Deutschland Berlin | Bundespressekonferenz Jens Spahn und Karl Lauterbach
Der SPD-Gesundheitsexperte Karl LauterbachBild: Stefanie Loos/REUTERS

Der SPD-Gesundheitsexperte Karl Lauterbach sagte im ARD-Fernsehen, wenn die möglicherweise gefährliche Variante auch Deutschland erreichen würde, dann wäre das ein riesiges Problem. "Denn es ist nichts schlimmer, als eine besonders gefährliche Variante in eine laufende Welle hineinzubekommen." Die Variante scheine für Geimpfte und Ungeimpfte gefährlich zu sein. "Daher müssen wir mit Reisebegrenzungen hier arbeiten, hier zählt wirklich jeder Tag, der gewonnen werden kann, bis diese Variante kommt."

Inzidenz wieder auf Rekordhöhe

Die Sieben-Tage-Inzidenz ist unterdessen erneut gestiegen und hat einen Höchststand erreicht. Das Robert Koch-Institut gab die Zahl der Neuinfektionen pro 100.000 Einwohner und Woche mit 444,3 an. Am Vortag hatte der Wert bei 438,2 gelegen, vor einer Woche bei 362,2. Die Gesundheitsämter in Deutschland meldeten 67.125 Corona-Neuinfektionen. Das ist ein leichter Rückgang gegenüber Freitag, als 76.414 Ansteckungen festgestellt wurden. Vor genau einer Woche waren es allerdings erst 63.924 Ansteckungen. Deutschlandweit wurden binnen 24 Stunden 303 Todesfälle verzeichnet. Vor einer Woche waren es 248 Todesfälle.

100.000 COVID-Tote in Deutschland

Derweil sprach sich der deutsche Einzelhandel für eine Impfpflicht aus. "Geboten sei eine „zeitnahe Einführung einer verfassungskonform ausgestalteten allgemeinen Impfpflicht mit klar definierten Ausnahmen", schreibt der Handelsverband HDE in einem Brief an die geschäftsführende Bundeskanzlerin Angela Merkel. Oberstes Ziel müsse es sein, die Impfquote in Deutschland zu erhöhen und Drittimpfungen konsequent voranzutreiben, teilt der HDE weiter mit. Denn derzeit reiche die Impfquote nicht aus, um eine vierte Welle ausreichend einzudämmen.

Bereits seit Monaten appelliert der Einzelhandel an seine Kunden, sich impfen zu lassen. Für eine Impfpflicht hatte er sich bisher allerdings nicht stark gemacht. Viele Bereiche des Einzelhandels waren wegen der angeordneten Geschäftsschließungen während der Lockdowns besonders hart von der Corona-Pandemie betroffen.

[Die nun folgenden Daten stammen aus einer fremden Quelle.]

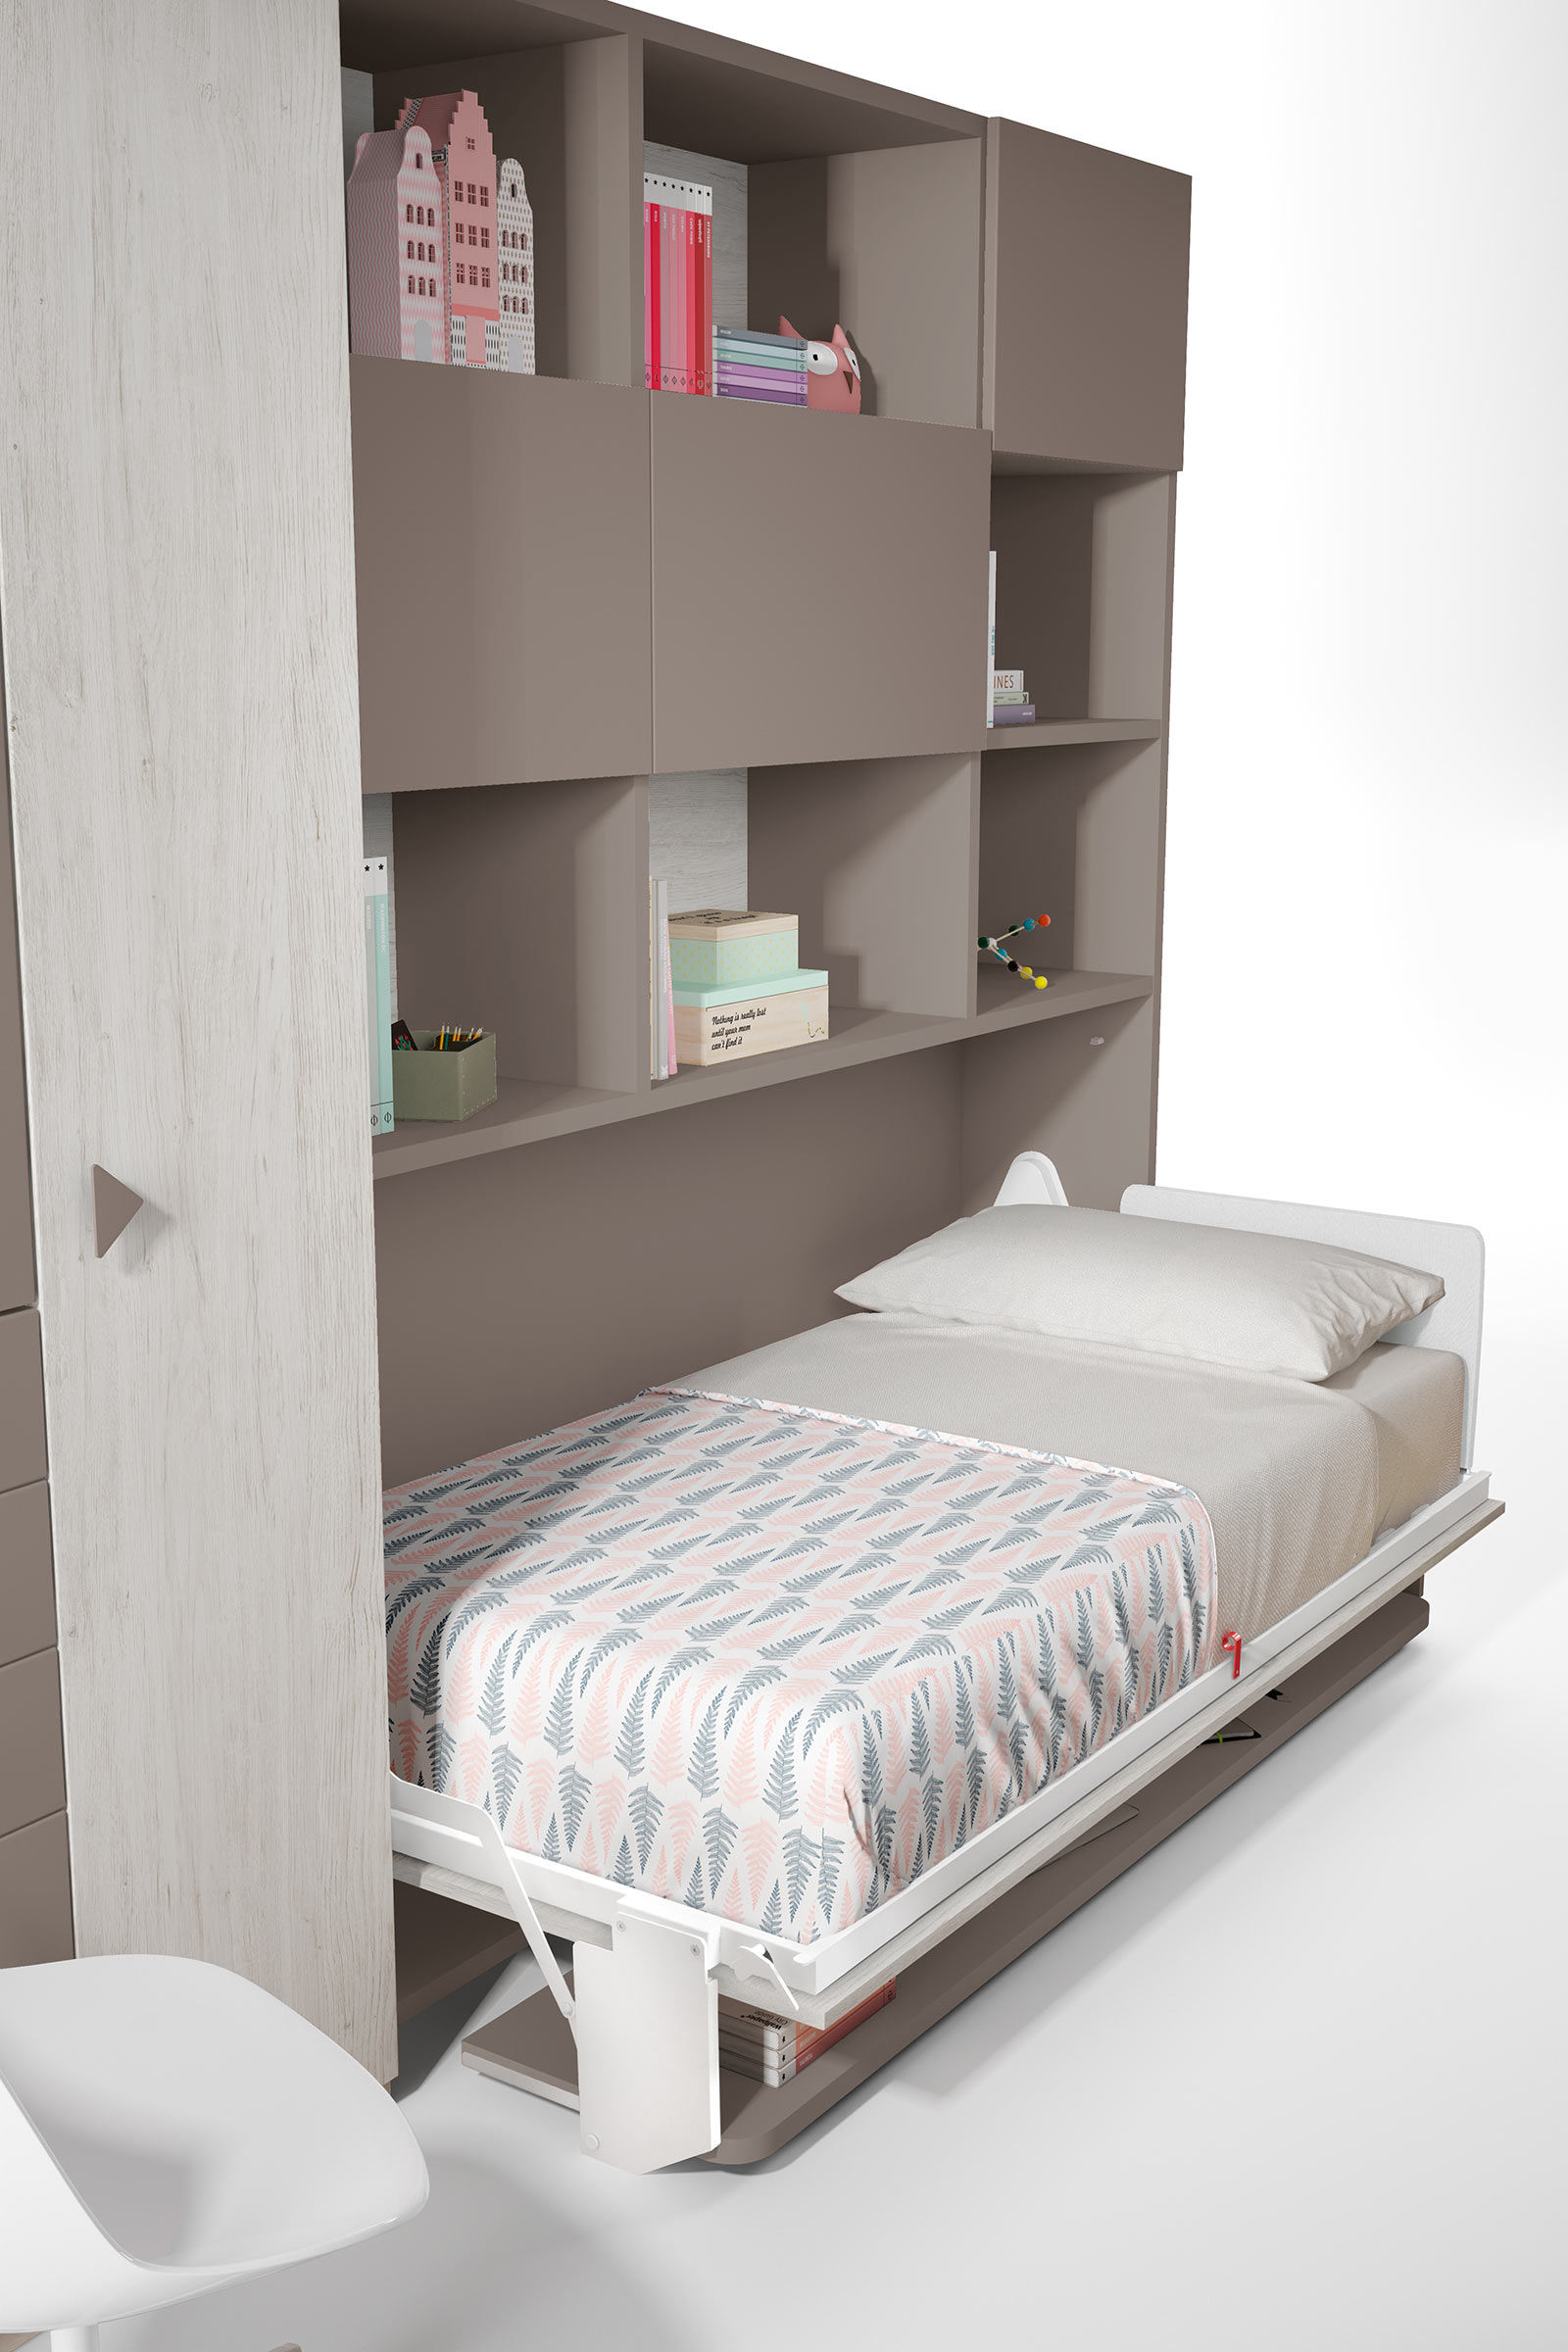 Space Deskbed The London Wallbed Company, Single Wall Bed With Desk Uk

Gravierender Mangel an Pflegekräften

Bundesweit fehlen offenbar mindestens 35.000 Fachkräfte in der Pflege. Das zeigen neue Berechnungen, die das Kompetenzzentrum Fachkräftesicherung (Kofa) am Institut der deutschen Wirtschaft im Auftrag des Bundeswirtschaftsministeriums erstellt hat. Die Daten liegen der Zeitung "Welt am Sonntag" vor. "In keinem anderen Beruf sind die Engpässe so groß wie bei Kranken- und Altenpflegern", sagte Kofa-Forscherin Susanne Seyda. Die Knappheit hat sich demnach verschärft. Seit 2011 wuchs die Zahl der offenen Stellen um knapp 40 Prozent. Tatsächlich dürfte der Mangel noch dramatischer sein, so der Bericht.